She should never have rested on her laurels. Page seven of the Clean Slate handbook warned: Do not at any point imagine the client is your friend; it will compromise your work.
Mrs Ramsay had never trusted her.
‘I thought we had it tough.’ Cashman sucked his pen and, at home in this house that was not his, flung wide the connecting doors to the kitchen.
Fixed to the wall beside the broom cupboard was a Bakelite telephone, its fabric cord draped across a 1968 calendar that Mrs Ramsay kept because it celebrated her best decade. It was always open on June, with a picture of a red telephone box in swinging London’s King’s Road. Stella could imagine the young Isabel Ramsay, toting a cigarette as she barked orders down the phone to the florist, the grocer, the Harrods’ van driver, amidst plumes of blue smoke. Even in her seventies, Mrs Ramsay reminded Stella of the pre-assassination Jackie Kennedy. Jackie ‘O’ featured on the calendar’s August page in a black and white chequered jacket and sunglasses.

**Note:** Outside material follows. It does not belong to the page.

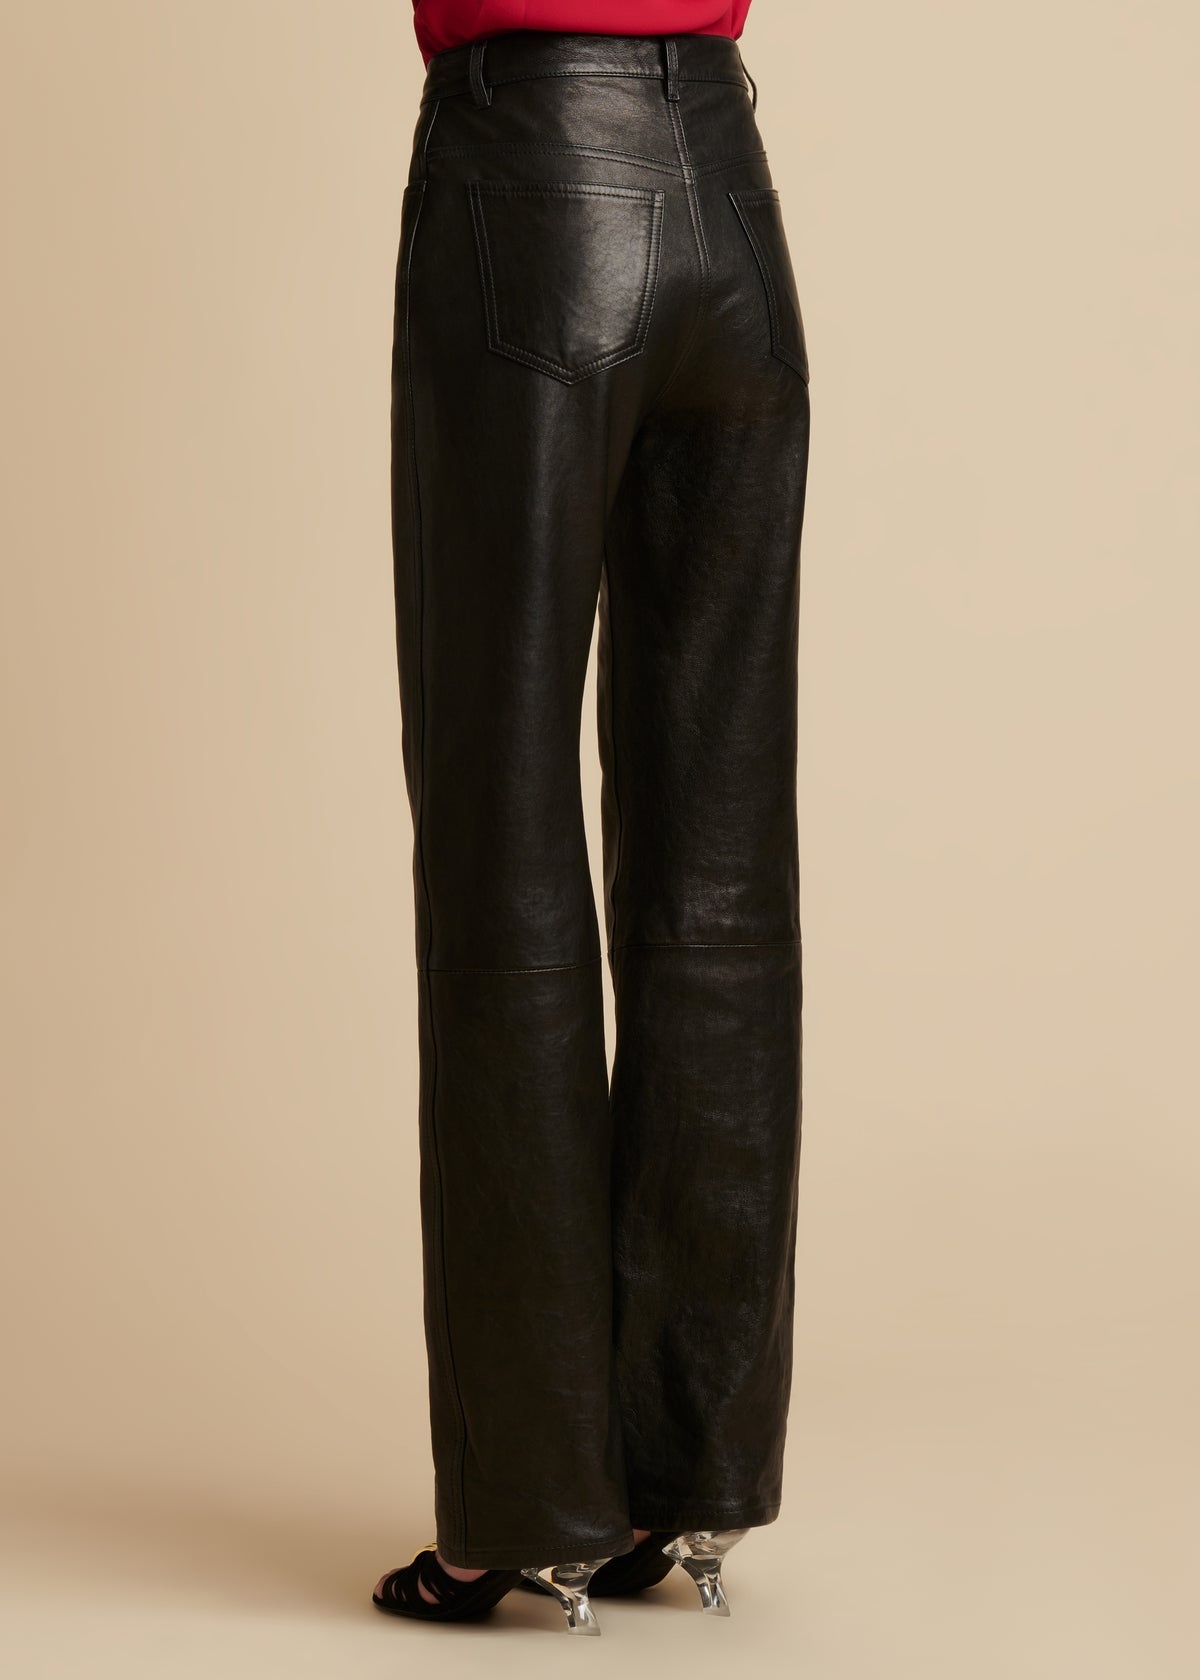 The Danielle Pant in Black Leather - 3

Mrs Ramsay said this had been a happy family home; soon it would be dismantled and the mementoes of a lifetime scuttled into rubbish bags and supermarket boxes.
‘We’ve contacted the eldest daughter. She was hazy about when she last saw her mother,’ Cashman said.
Stella did not remember when she had last seen Terry.
‘I spoke to her yesterday.’ She regretted the words as soon she had uttered them. He did not need to know Gina Cross had asked her to clear the house.
‘Why was that?’
‘She told me about Mrs Ramsay’s death.’ This was not true; Stella kept her voice level. She had to hope that the officer on scene guard on Tuesday had not said Stella had been unaware of Mrs Ramsay’s death until she came to the house.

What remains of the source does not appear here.